A number of journalists failed to receive accreditation, including RFE/RL Russian Service correspondent Maksim Yaroshevsky. Yaroshevsky describes how he and his colleagues made their own way to the camp:

The director of Nashi's press service initially told me that there were no places on the bus. Then she said that the list of accredited journalists had already been sent, and that it was too late to add any new names.
Ilya Barabanov of "Novoye vremya" and Mikhail Romanov of "Moskovsky komsomolets" were in the same situation. So we set out on our own that night, and by the morning of July 17 we were in the town of Ostashkov in Tver Oblast.
Nikolai Lyaskin, the head of the Smena (Change) opposition youth group, was with us. We asked the locals about the best way to get to the camp by water. It was difficult to get into the camp by land, because it was being heavily guarded. But no one had thought to guard the lake front.
We rented a boat for 70 rubles an hour, leaving a passport as a deposit, and crossed over to the shores of the Nashi camp. There were no guards in sight and it was relatively easy for us to wander off in different directions through the camp.

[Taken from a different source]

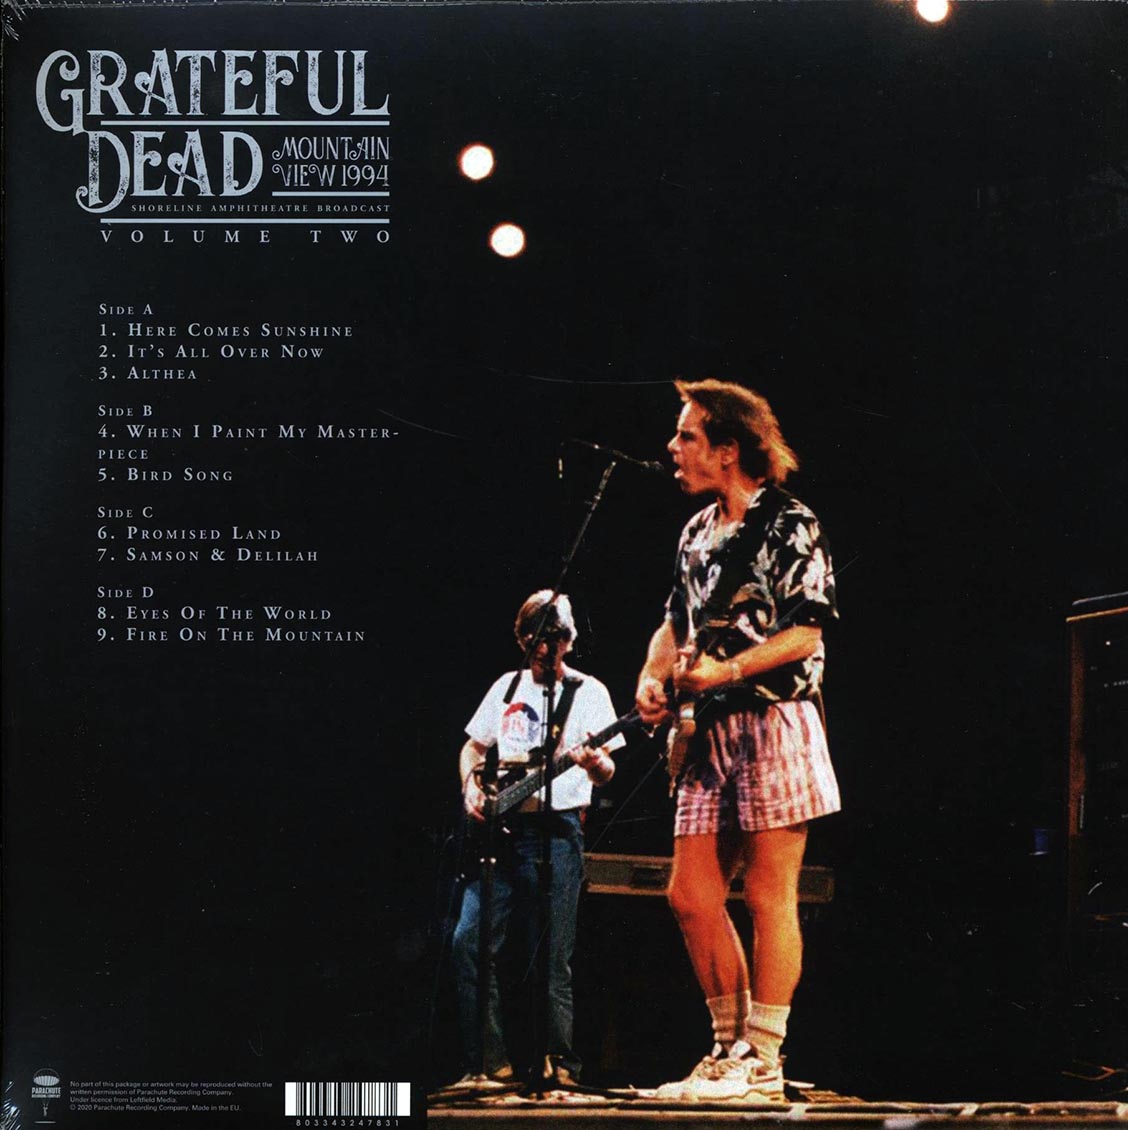 Grateful Dead - Mountain View 1994 Volume 2: Shoreline Amphitheatre Broadcast (2xLP) - Vinyl LP, LP
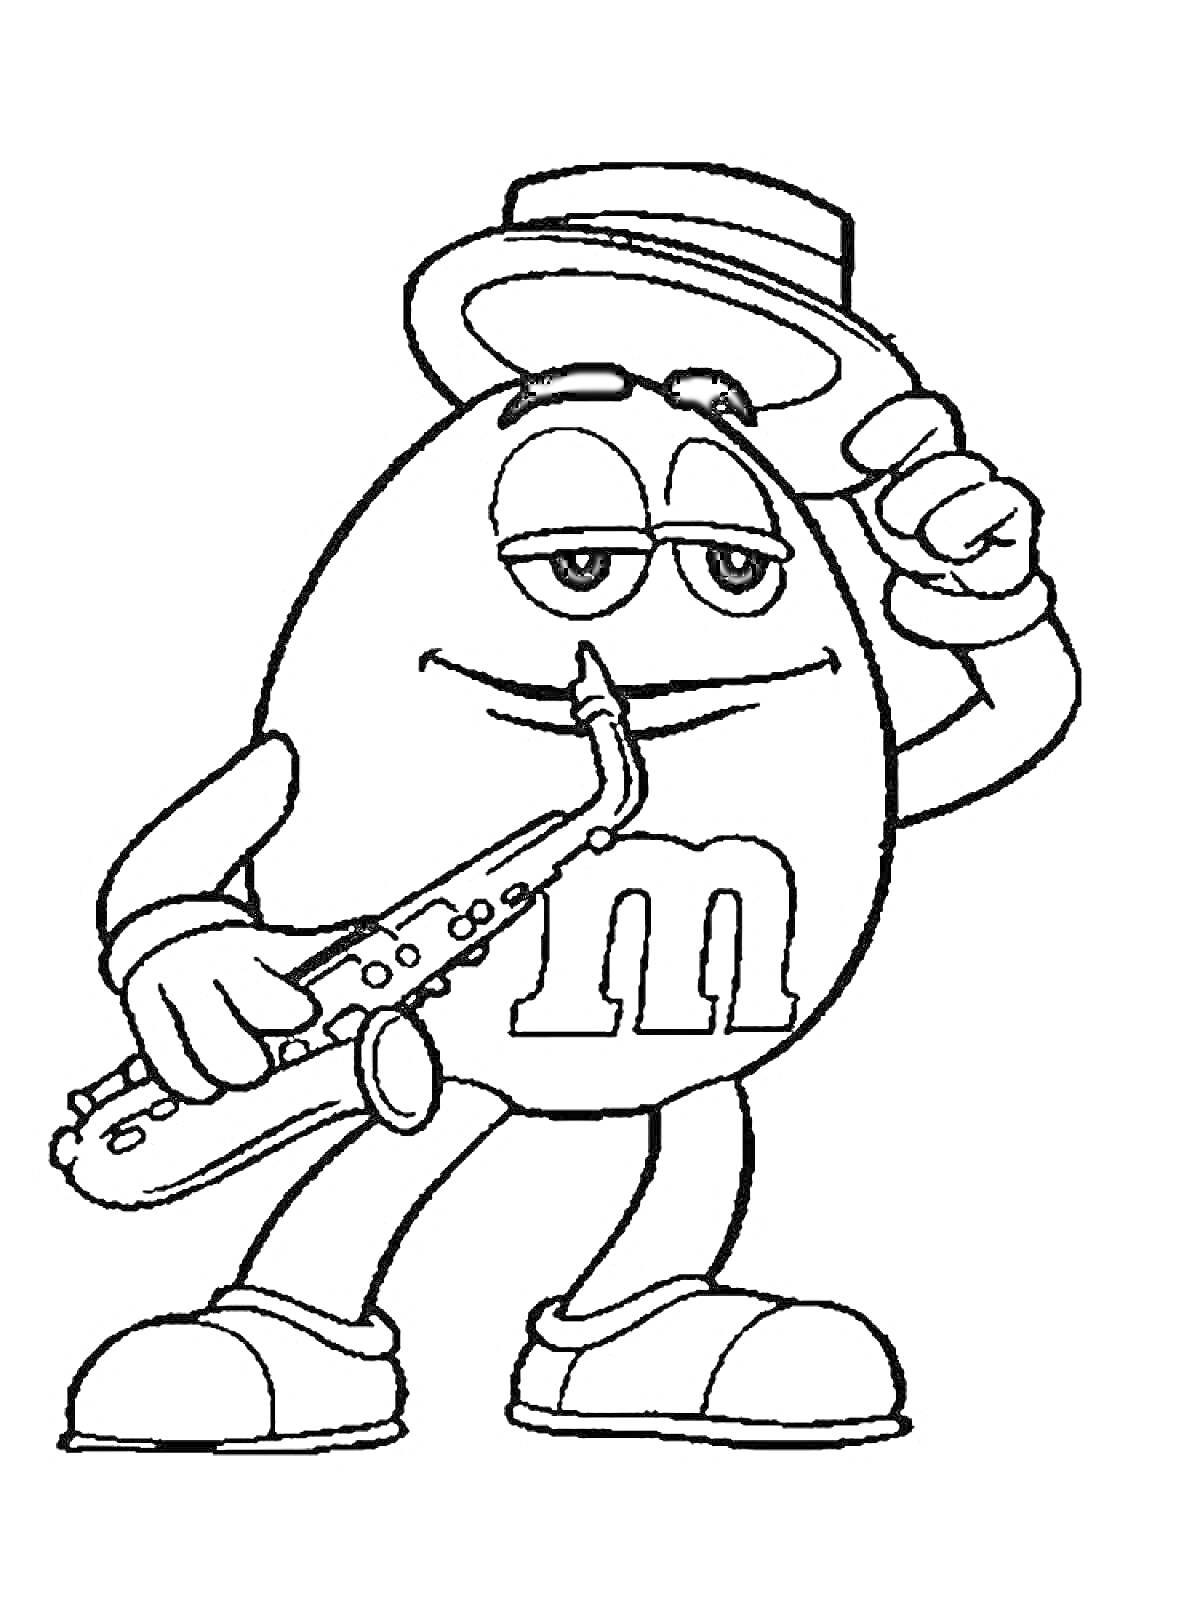 Раскраска Эмемдемс персонаж с саксофоном и шляпой

In the course of half an hour, I had already managed to speak to a dozen Nashi activists. Some of the other "illegal" journalists weren't so lucky.
Barabanov and Romanov were approached almost immediately by men in camouflage who insisted they leave the camp at once. The head of Nashi, Vasily Yakimenko, appeared and announced that the presence of unaccredited journalists on the premises of the camp was strictly forbidden.
My colleagues argued that this violated their rights under Russian media law, but Yakimenko was unconvinced, and within 10 minutes Barabanov, Romanov, and Lyaskin had all been thrown out of the camp.
No one appeared to have any regrets about the experience. "Yakimenko has refused to accredit me for a single event in the past two years," Romanov told me afterward. "We've simply been forced into conducting our own special operations."
Nashi is planning a second press tour on July 23, but it's not likely the accreditation process will be any less selective.